Did this New York Times columnist listen to me?

In “Passions Run High On Indexing,” New York Times columnist Joe Nocera writes about the conflict between traditional and fundamental indexers that has been running in the Financial Analysts Journal. He does what I suggest in my investment commentary workshop. He picks a controversial topic from a professional journal, then explains it in non-technical terms.

Nocera’s article is more about what he calls “an old-fashioned academic cat fight” than the indexing debate. If you tackle this topic for your clients, I suggest you focus on the latter rather than the former.

But Nocera does eventually express an opinion on the substance of the debate. He agrees with Jack Bogle that fundamental index funds are a form of active management. “… they ain’t index funds, and they shouldn’t be viewed as a replacement for index funds. Mr. Arnott and his allies would better serve investors by saying so out loud,” writes Nocera.

"The Client Relationship Autopsy"

You’ve probably lost at least one client. But rather than chalk it up as inevitable, try to learn why your client left you.

The Client Relationship Autopsy” proposes a process consisting of:

  1. Talking to your team
  2. Talking to your client
  3. Preparing a report

“The process will help you choose wisely when it comes to adding new clients, and it will help you glean insights for improving existing client relationships,” says Leo Bottary, the ad agency account director who wrote the article. He goes into detail with suggestions for each step.
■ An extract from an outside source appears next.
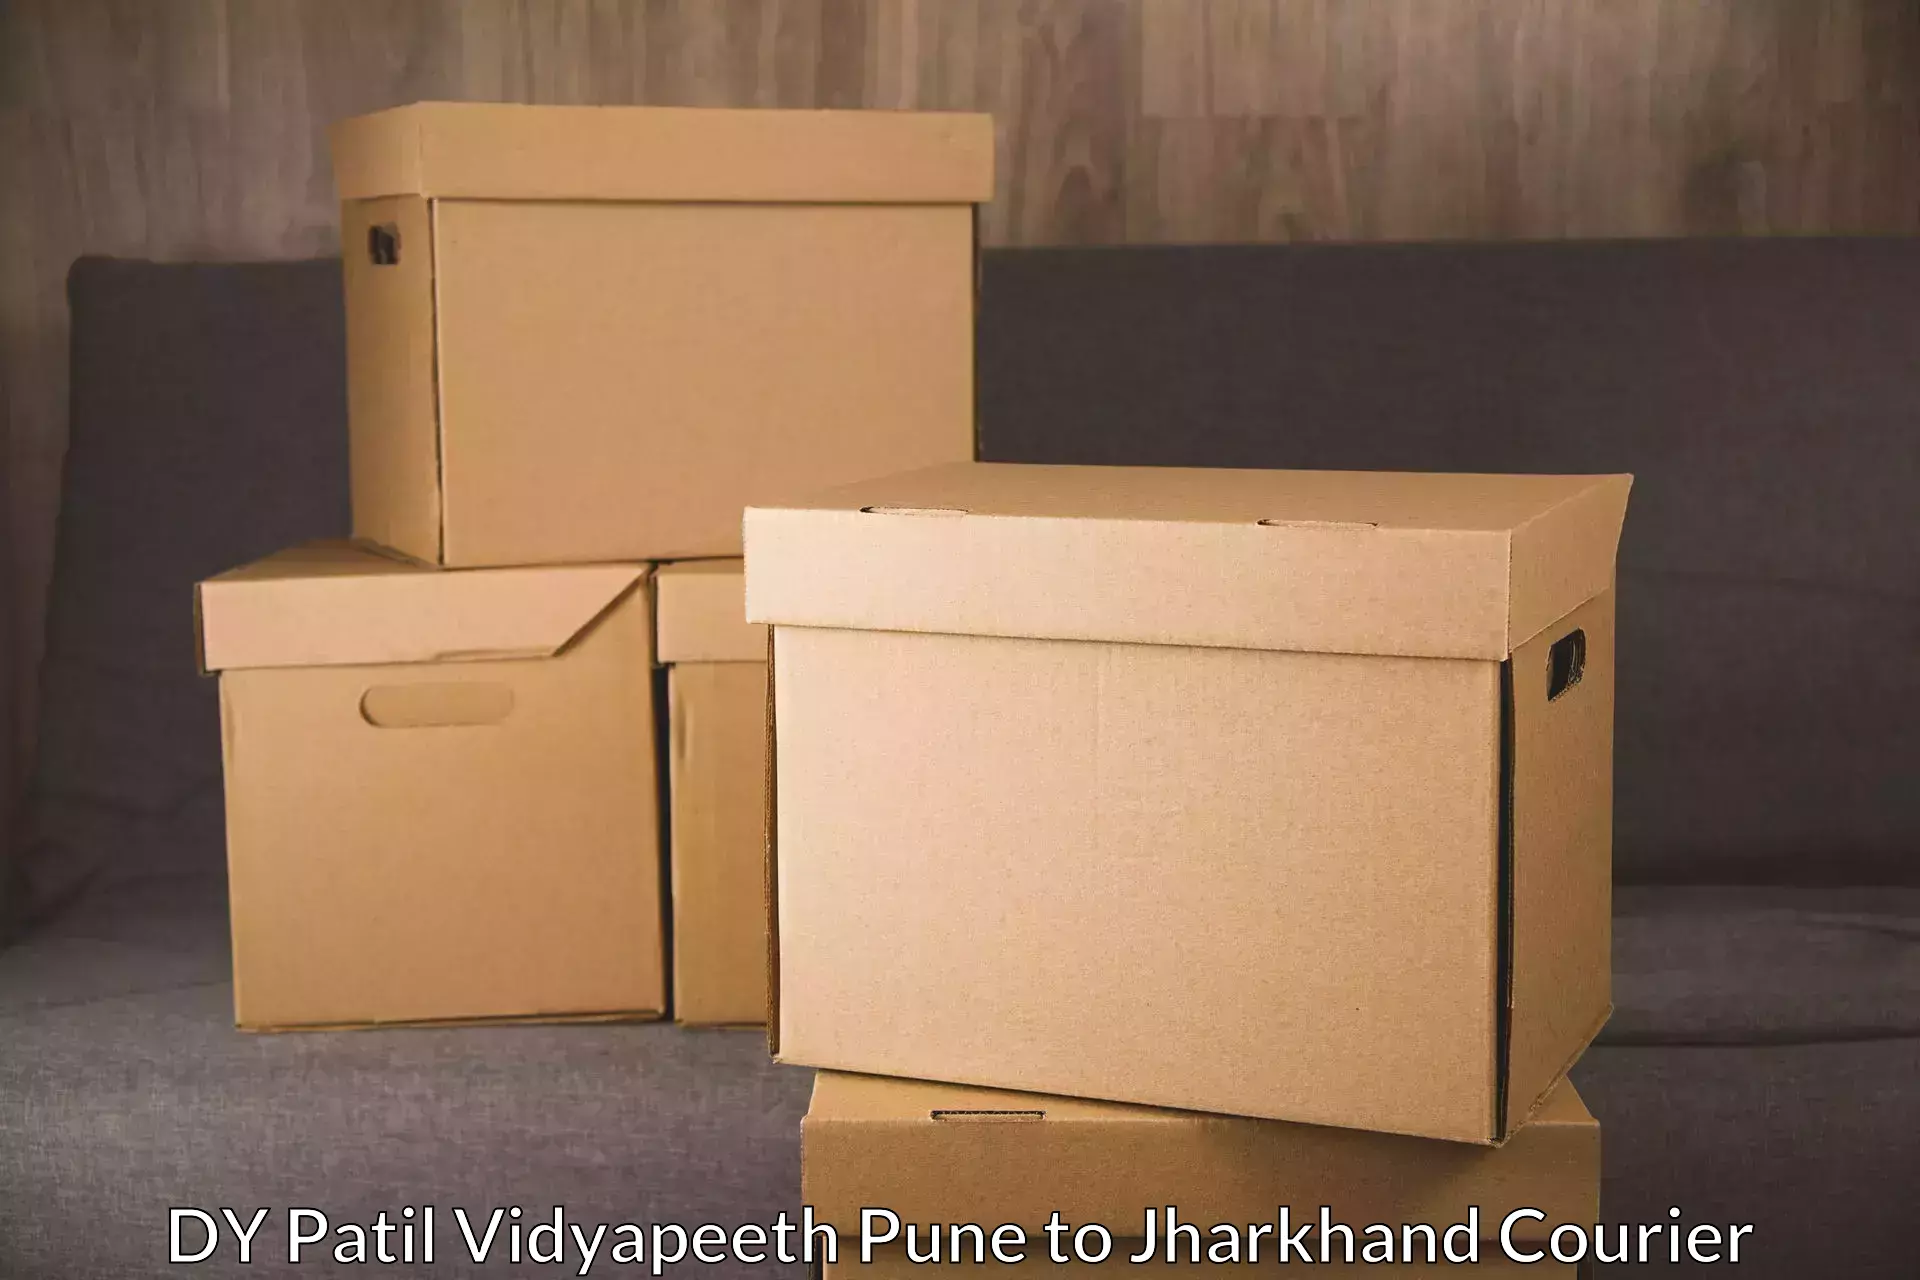 24-hour courier services DY Patil Vidyapeeth Pune to Lohardaga

Thank you, Boston Women in Finance!

Members of Boston Women in Finance made my experience enjoyable when I presented my one-hour workshop on “How to Write What People Will Read about Investments” yesterday.

Here’s some of their feedback on my presentation:

  • “Although brief, packed with very useful takeaways!”
  • “Susan was able to fit in an hour what people spend days learning in conferences”
  • “Susan reminded me to remember my audience and to listen to my ideas”
  • I learned “a new thought process for brainstorming” and “ways to make my market piece more direct and to the point”

Morningstar Market Barometer, 2003-2007

Want to show your clients how equity styles and sectors perform differently over time?

The newly released 2-page Market Barometer from Morningstar can help.


Does your auto mechanic communicate better than you?

“Nearly three-fourths of the 1,203 adults polled said their auto mechanic uses clearer English than their financial professionals,” according to “Financial Jargon: You Just Don’t Understand” by Cathie Gandel in AARP Bulletin Today.

Are you one of those confusing financial pros? And are your clients suffering as a result?

Learn more about the results of a survey by AARP Financial about consumer understanding of financial jargon.

"Interruption vs. Self-Service Marketing"

I’m following up my post on how financial advisors are using LinkedIn. Raising your visibility by using LinkedIn is an example of “self-service marketing,” which I read about recently in “Interruption vs. Self-Service Marketing” on marketer Bob Bly’s blog.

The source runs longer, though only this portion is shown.